Отец танцевал с миссис Гроуп. Роберта терпеливо сидела у стены. Прическа миссис Гроуп была украшена лентами, перьями, цветами, драгоценностями и птичкой из папье-маше. Поэтому Роберте было легко различить парочку в толпе и притвориться, будто она знать не знает своего родителя. Стоило пышному плюмажу устремиться туда, где сидела девушка, та поспешно ускользала и принималась бродить по залу. И столько раз навестила дамскую комнату, что окружающие скорее всего вообразили, будто у нее в дополнение к невидимому горбу еще и некое недомогание по женской части.

Наконец часов в одиннадцать некий джентльмен пригласил ее танцевать. Он оказался викарием леди Чомли и немедленно разразился путаной лекцией на тему откровенных потаскух. Кажется, он даже сравнивал миссис Гроуп с Марией Магдалиной, но поскольку, следуя правилам танца, они постоянно разлучались, до Роберты попросту не успевал доходить смысл очередного предложения.

К несчастью, они лицом к лицу столкнулись с маркизом и миссис Гроуп именно в тот момент, когда священник излагал свое мнение о шлюхах.

– Я уловил значение ваших слов, сэр, но миссис Гроуп ни в коем случае не шлюха! – раздраженно отрезал маркиз.

Сердце Роберты упало, но она безуспешно попыталась повернуть партнера в другую сторону.

Однако маленький, похожий на надутого голубя человечек уперся, расправил плечи и отпарировал:

– Советую на свободе подумать о моих словах, иначе горе вашей бессмертной душе!

Все, кому выпал счастливый жребий оказаться поблизости, прекратили танцевать, сообразив, что происходящее куда интереснее любого представления.

И маркиз их не разочаровал.

– Миссис Гроуп – одинокая женщина, чья душа достаточно добра, чтобы принять мое обожание! – проревел он так громко, что каждое слово разносилось по залу. – И она не более распутна, чем моя дочь, украшение и сокровище моего дома!

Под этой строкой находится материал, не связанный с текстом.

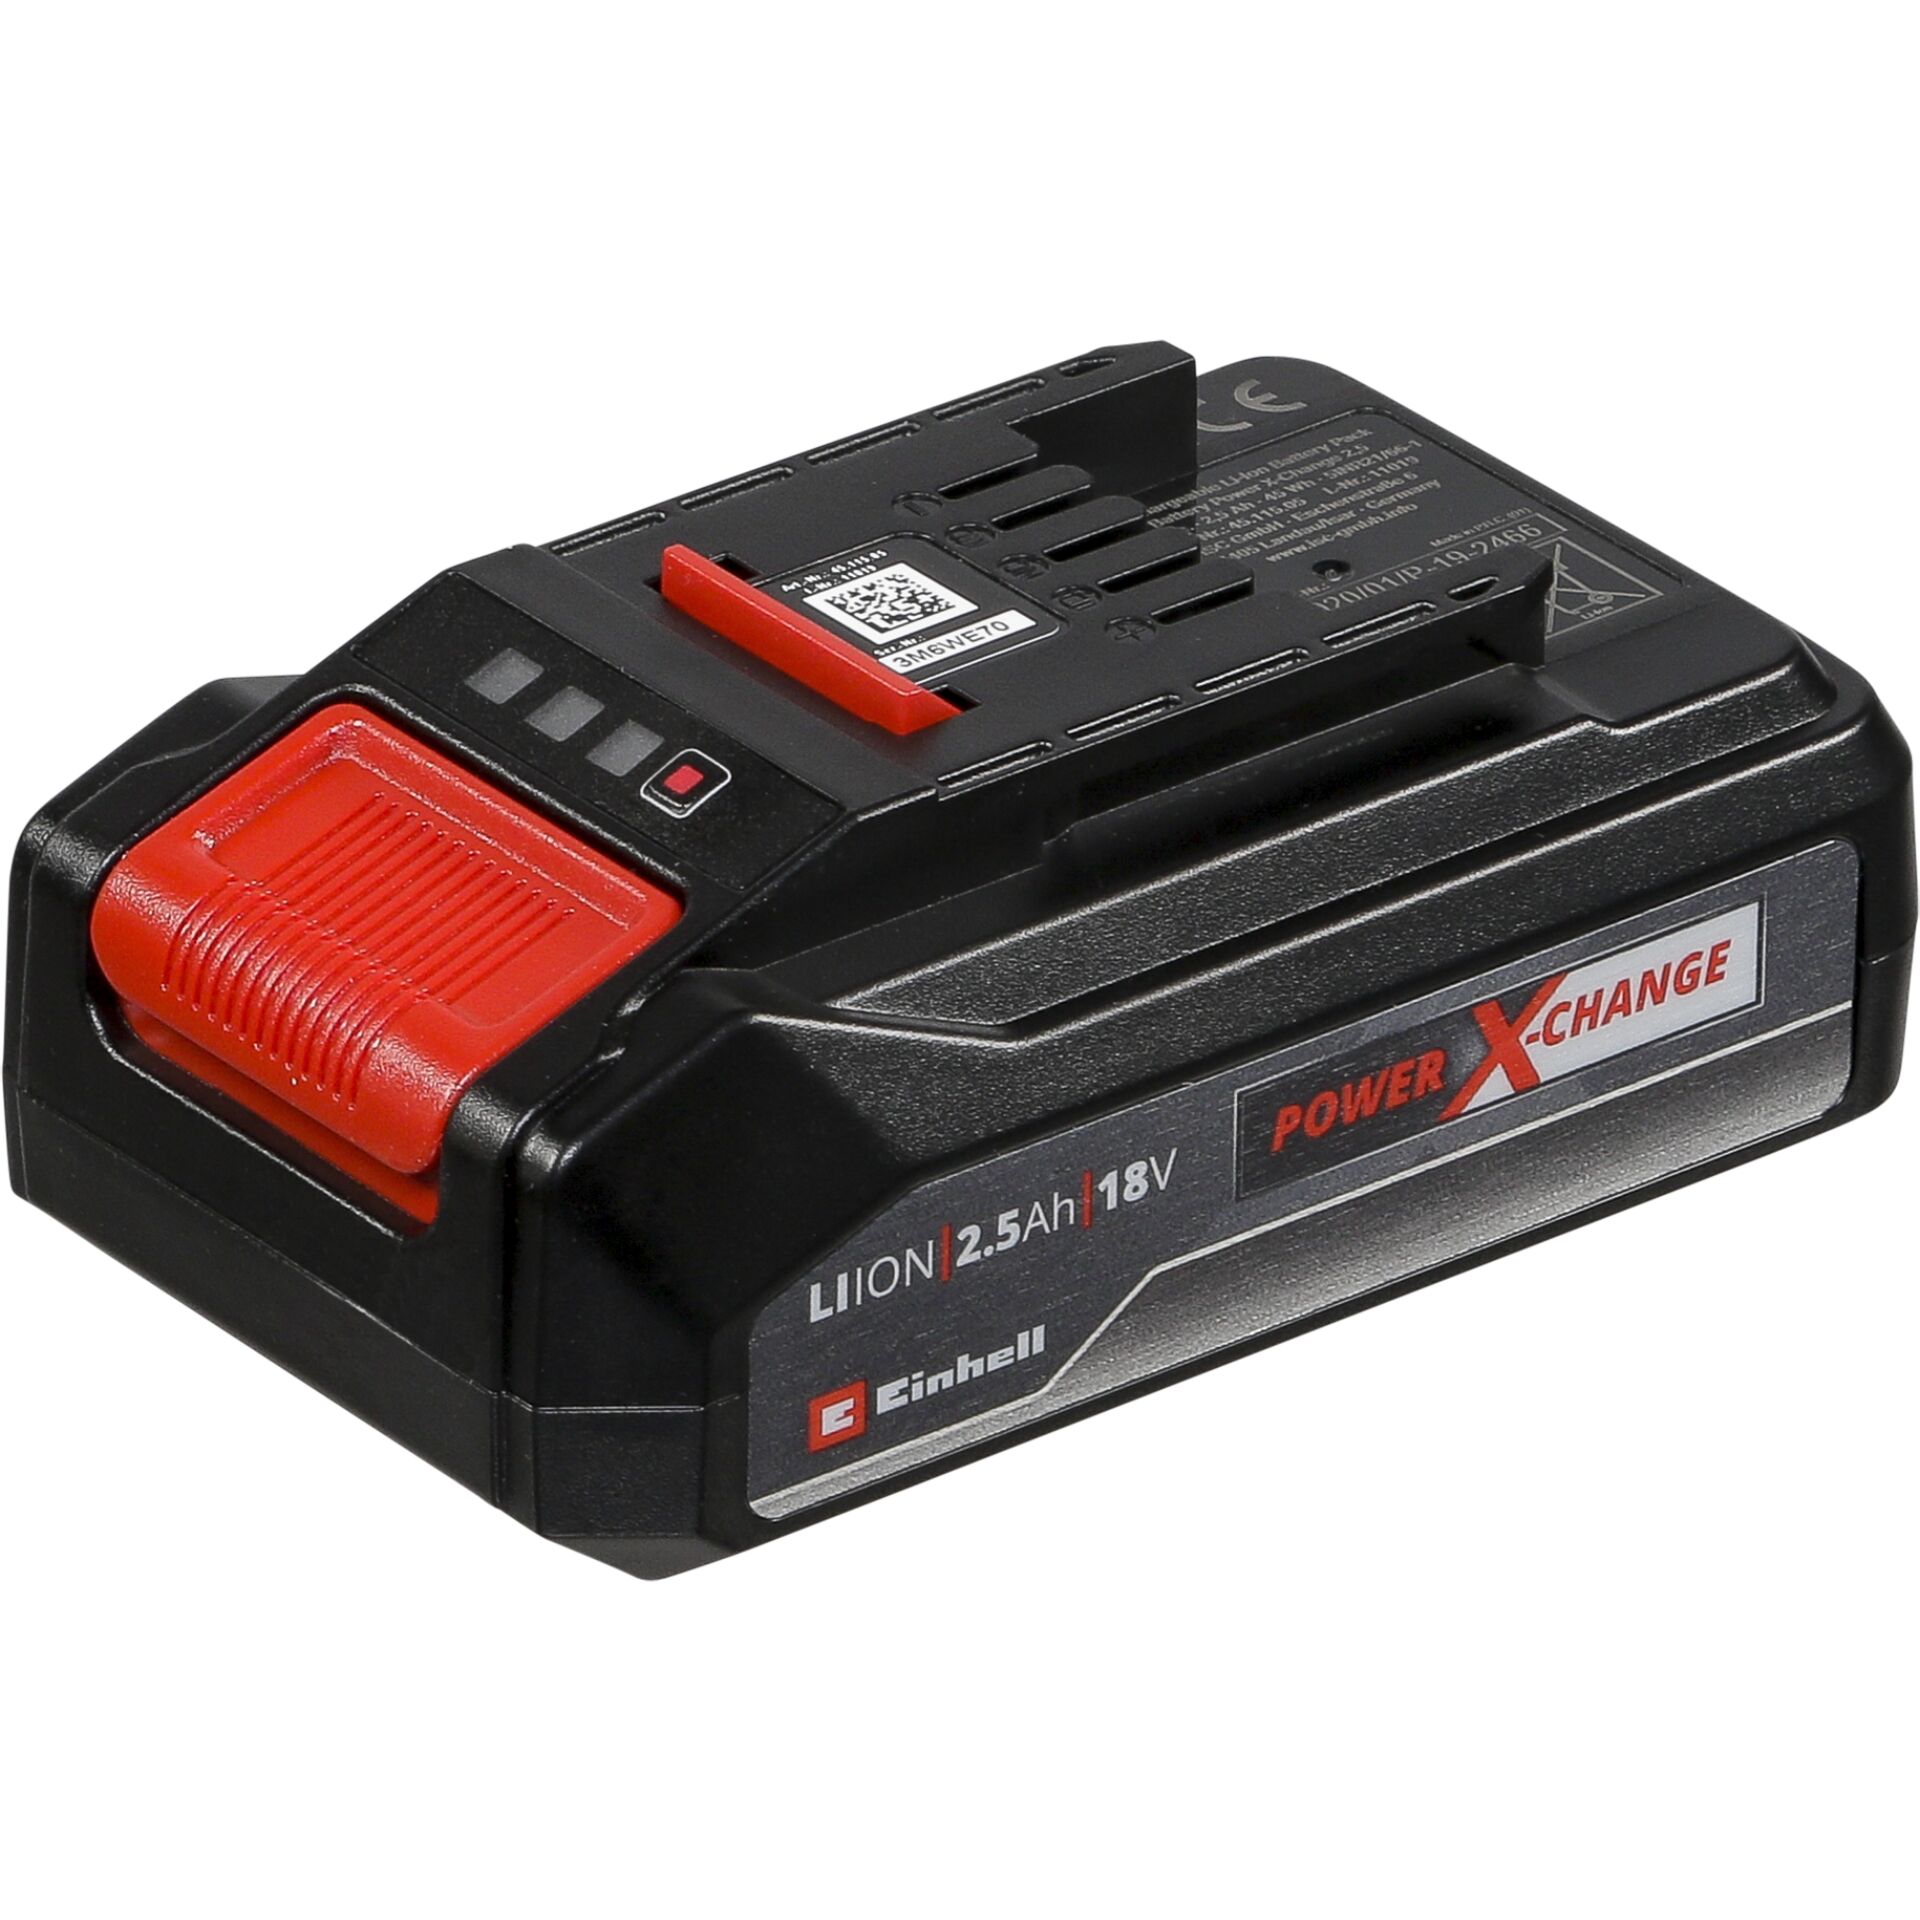 Einhell 4511516 cordless tool battery / charger

Совершенно ясно, что при этом заявлении все как один повернулись к Роберте, дабы своими глазами узреть признаки распутства на ее лице. Столь откровенный интерес был проявлен к ней впервые за вечер. Охнув, она бросилась в дамскую комнату.

В следующие полчаса девушка приняла несколько важных решений. Самое первое – с нее довольно унижений. Ей нужен муж, который никогда, ни при каких обстоятельствах не станет устраивать публичных спектаклей, выставляя себя напоказ. Кроме того, он не должен иметь ничего общего с поэзией. Второе: единственный шанс найти мужа – уехать в Лондон без отца или миссис Гроуп. Она отправится туда, выберет подходящего джентльмена и сумеет устроить собственный брак. Каким-нибудь образом.

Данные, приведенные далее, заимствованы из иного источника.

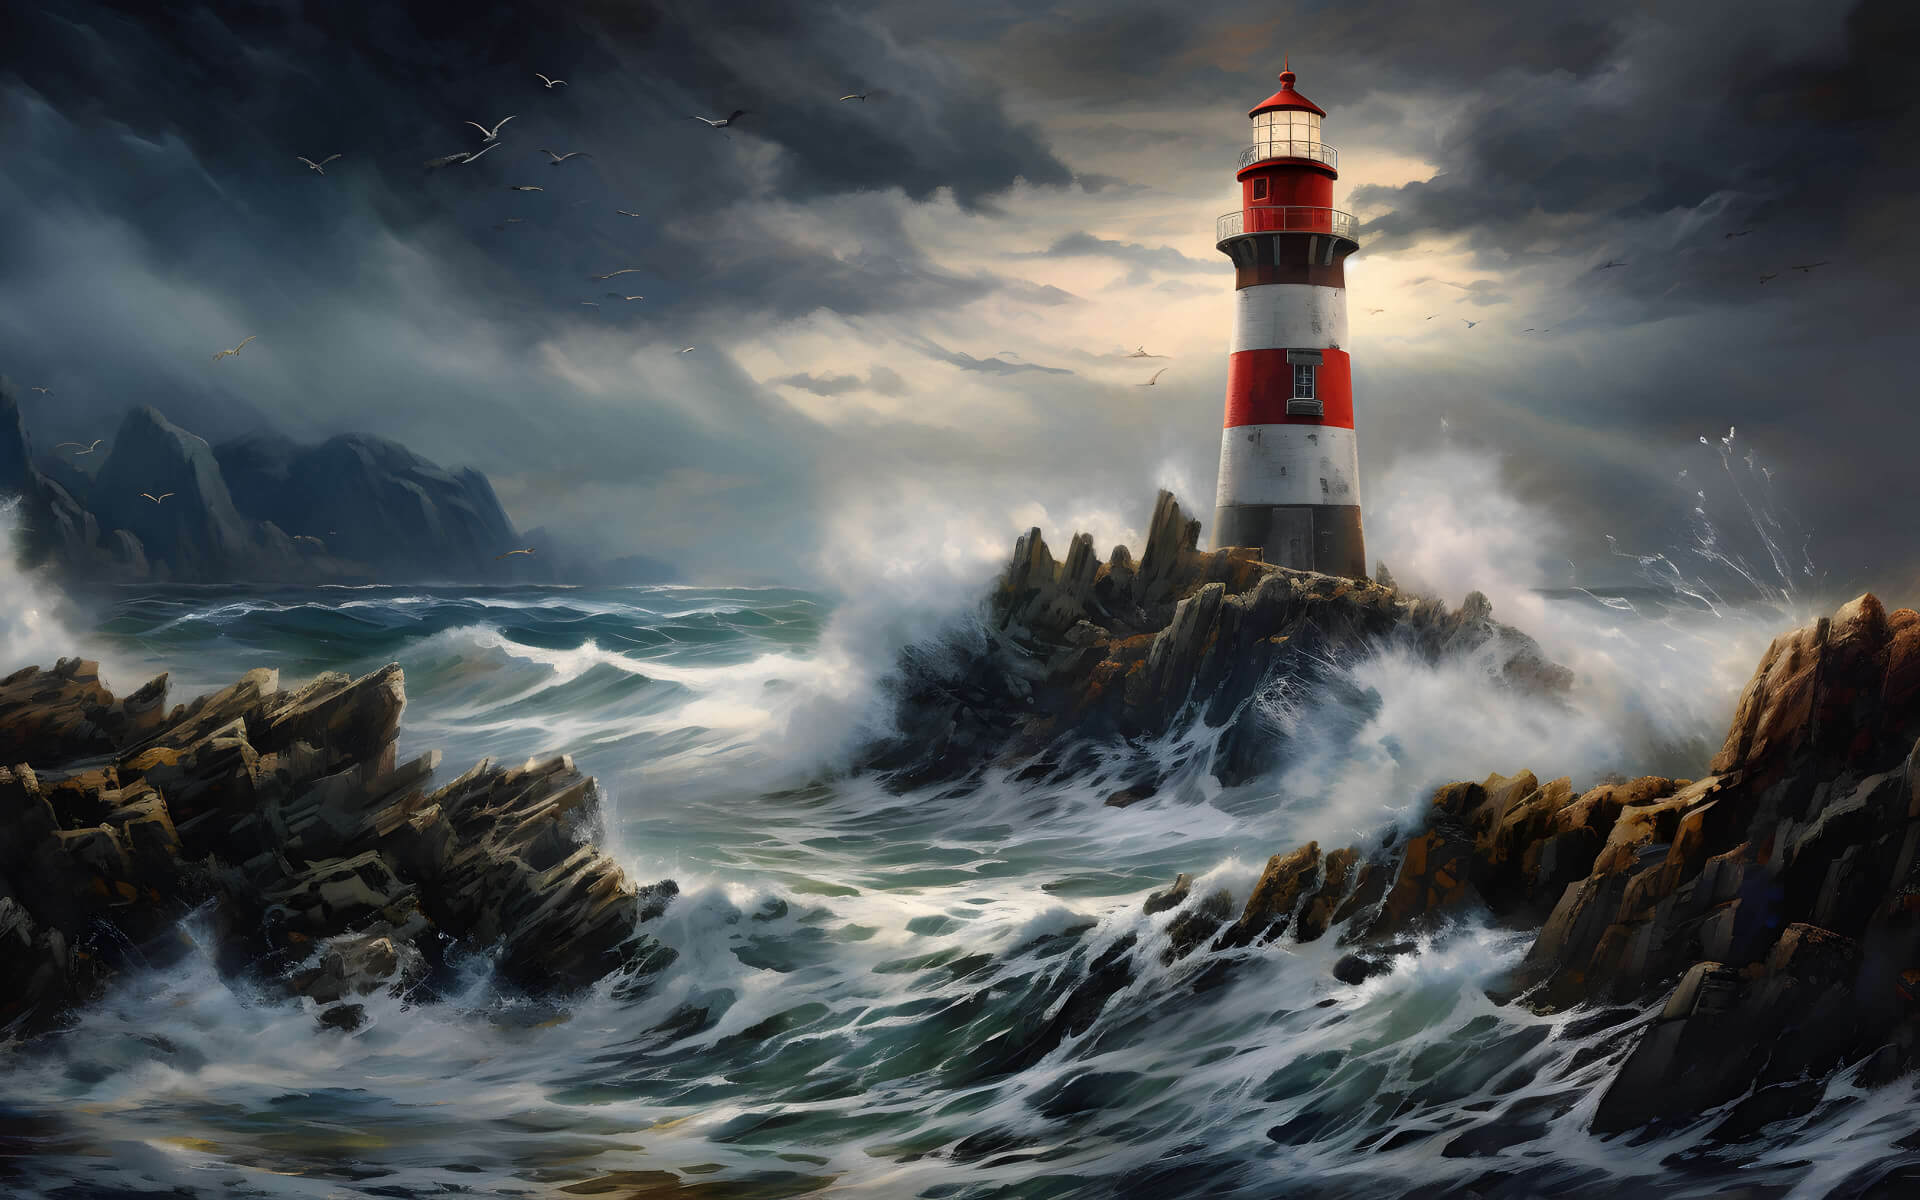 Lighthouse in the ocean waves wallpaper 1280x800

Вернувшись на свое место в углу, она с новым интересом принялась разглядывать общество в поисках подходящего кандидата.

– Кто этот джентльмен? – спросила она проходившего мимо лакея, который в продолжение всего вечера бросал в ее сторону жалостливые взгляды.

– Который именно, мисс?

Она отметила, что у него приятная улыбка и, похоже, очень колючий парик.

– Тот, что в зеленом фраке.

Определение «зеленый» явно не отдавало фраку должного: очень светлая ткань была вышита черными цветами. Впервые в жизни Роберта видела столь изысканный костюм. Да и сам его обладатель был высок и двигался с бессознательной грацией истинного атлета. В отличие от других джентльменов, обильно потеющих во время танцев, на нем не было парика. Темная масса волнистых волос была прошита серебряными прядками и связана на затылке светло-зеленой лентой. Весьма опасная смесь беззаботности и поразительной элегантности…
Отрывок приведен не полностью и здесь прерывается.